Bill Kostroun, Associated Press
EAST RUTHERFORD, N.J. As Zoran Planinic's uncontested 77-foot heave at the end of the third quarter found nothing but net, it was as if Lady Luck finally had cashed her get-even chip with the Jazz.
It wasn't long ago, after all just one week, and four games earlier that Jazz point guard Deron Williams got a 61-footer to fall at the end of the third and Utah went on to win its season-opener against Dallas.
It wasn't mere fortune, however, that propelled New Jersey to its 91-83 victory over the Jazz on Wednesday night at Continental Airlines Arena.
Mostly, it was a lack of execution that killed the Jazz.
"It's a perfect example," point guard Keith McLeod said. "If we don't do what we need to do on offense, we end up going 1-on-1, and sometimes that leads to bad shots."
And sometimes that leads to missed shots. And sometimes that leads to lost leads. And this time that led to the Jazz's second defeat of the season, one which seemed destined long before Planinic tossed up a prayer and watched an answer drop.
"Right from the beginning of the game," Jazz coach Jerry Sloan said, "they did what they wanted to do. . . . The game was so easy, and they got everything they wanted.
"We didn't put any pressure on them at all," he added. "They didn't have to play under any stress whatsoever. They've probably had a million practices harder than what we gave 'em."
Sloan was disgusted by the Jazz's defensive effort even more than season-low 37.8 percent shooting.
"If they wanted to go baseline, they went baseline. If they wanted to go in the middle, they went up the middle," he said. "We didn't have any idea of what we were trying to do to try to stop 'em. We looked like a very unorganized team."
Despite such reality, the Jazz led by one at halftime and were down just five after Andrei Kirilenko's 3-pointer with five minutes left in the third.
That, though, is when the Jazz's soft-scrimmage mentality hit them hard.
The Nets reeled off a 10-0 run as Utah went scoreless for a 4:25 stretch, mustering only four turnovers, a Kirilenko trey-try airball and misses from Matt Harpring, Jarron Collins and McLeod over nine straight possessions.
Sloan said the Jazz "didn't have any semblance of order out there at all." McLeod, the point at the time of the dry spell, said they "were getting out-hustled for loose balls and everything." Collins said they've "got to play hard basketball" and "control the tempo by executing," and that when they "don't do those things, we'll get beat."
Planicic said goodnight, Utah.
"That was a huge shot," New Jersey's Richard Jefferson said.
It was, sending the Nets into the fourth up 72-57.
But it wasn't necessarily the payback on fate that it might have seemed.
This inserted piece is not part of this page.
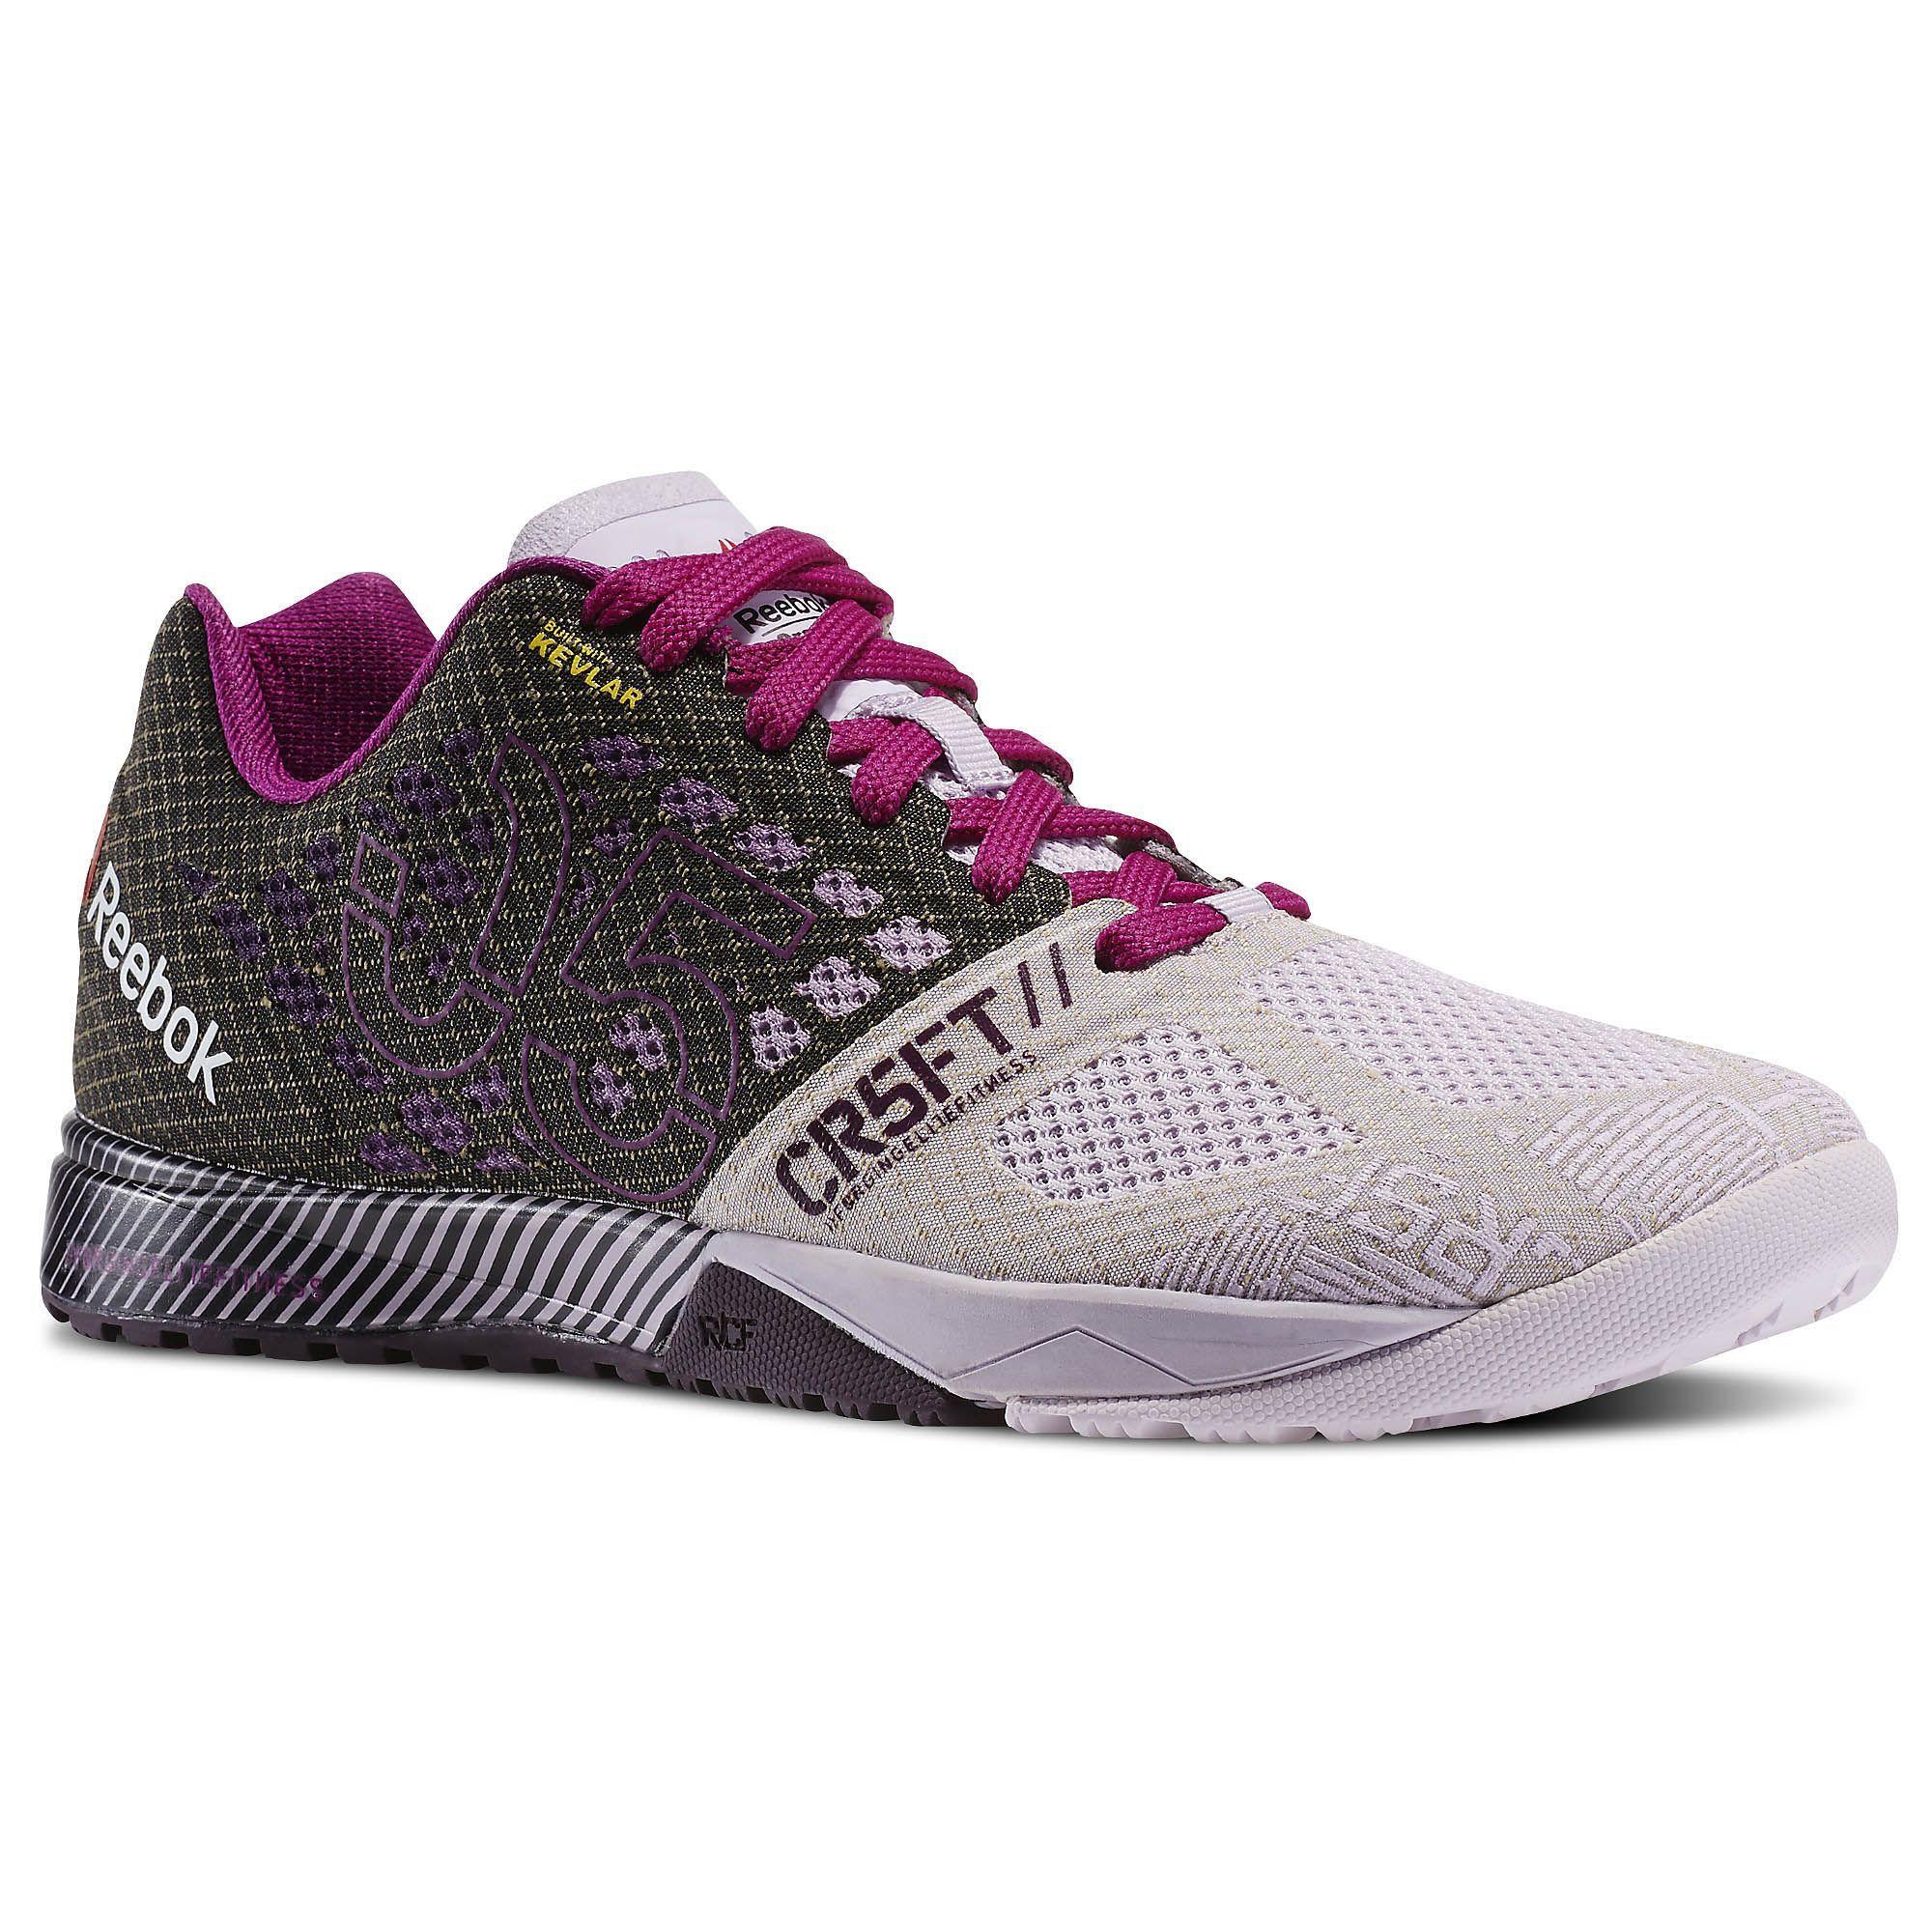 reebok nano 2 womens purple cheap   OFF45% The Largest Catalog Discounts 794f10eda

Rather, the Jazz say it simply was the result of a breakdown in the basics.
"We practice that over and over," Collins said.
"We've always had a rule in the last second or so: get next to your man," Sloan added. "We weren't even close to the guy."
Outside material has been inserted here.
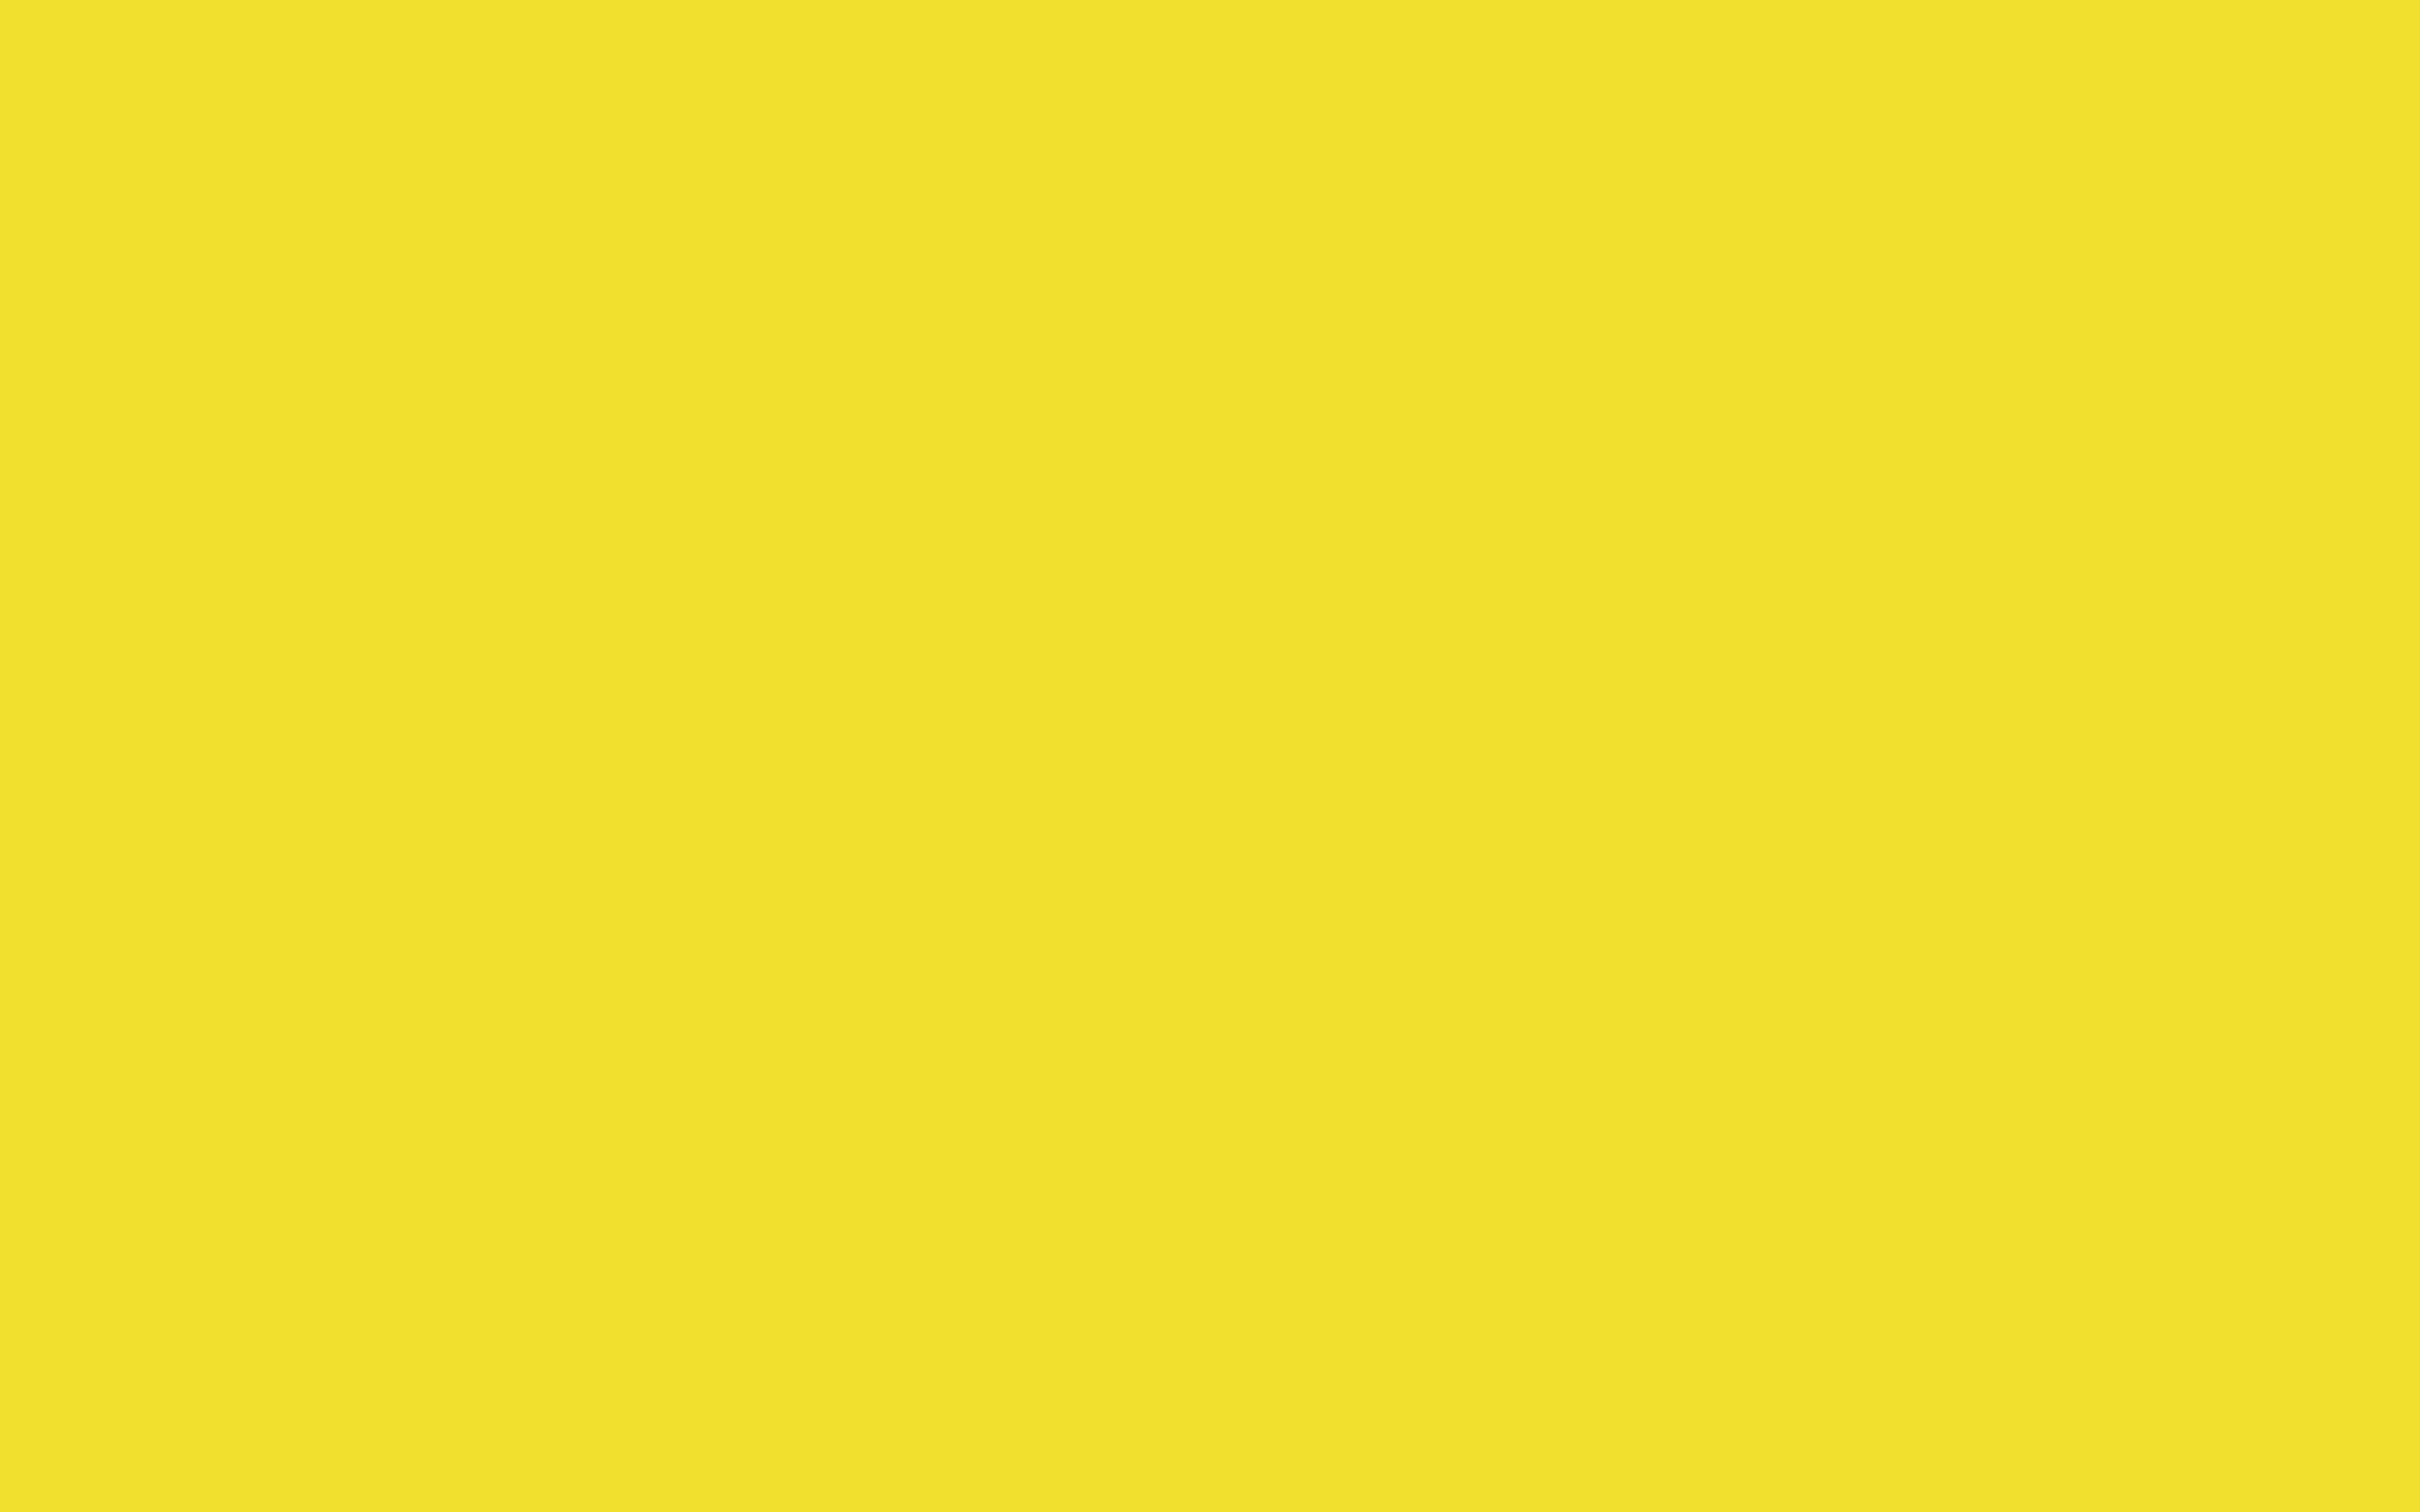 2560x1600 Dandelion Solid Color Background

And the Jazz weren't ever close to the Nets in the fourth.
With Jefferson scoring 17 and dishing 12 assists, and with Vince Carter scoring a game-high 21 points featuring one highlight clip after another, and with Jason Kidd posting 11 points along with his seven assists, and with center Nenad Kristic trumping his season scoring average by scoring 18 on 7-of-9 field shooting, New Jersey had no trouble holding its lead.
Jefferson did the most damage, finishing one rebound shy of a triple-double and making it seem something wasn't quite right with primary defender Kirilenko.
"We had a lot of guys that weren't 'all right,' " Sloan said when asked about Kirilenko, who complained afterward of nothing more than bloody knees. "They make you look like you're not all right sick, or something."
Sloan did change things up a bit to try to overcome the Nets' big advantage, inserting No. 3 point Milt Palacio at the start of the final quarter instead of rookie Williams and benching Mehmet Okur, who had been averaging 23.5 but finished Wednesday with only two points, for all of the last period.
But none of that worked as the Jazz could not come closer than seven in the fourth.
Harpring, for one, suspects he knows why.
"When you're on the road," he said after the Jazz finished the second outing in a four-game Eastern swing that resumes Friday at Toronto, "it just takes a couple plays to get behind. . . . The next thing you know it's an eight-point game, 10-point game.
"Now you're trying to play catch-up, and that's not our style, really. We're good with the lead, or we're good with a close game but when we try to play catch-up, we start forcing things."We've just got to trust our offense," he added. "It works."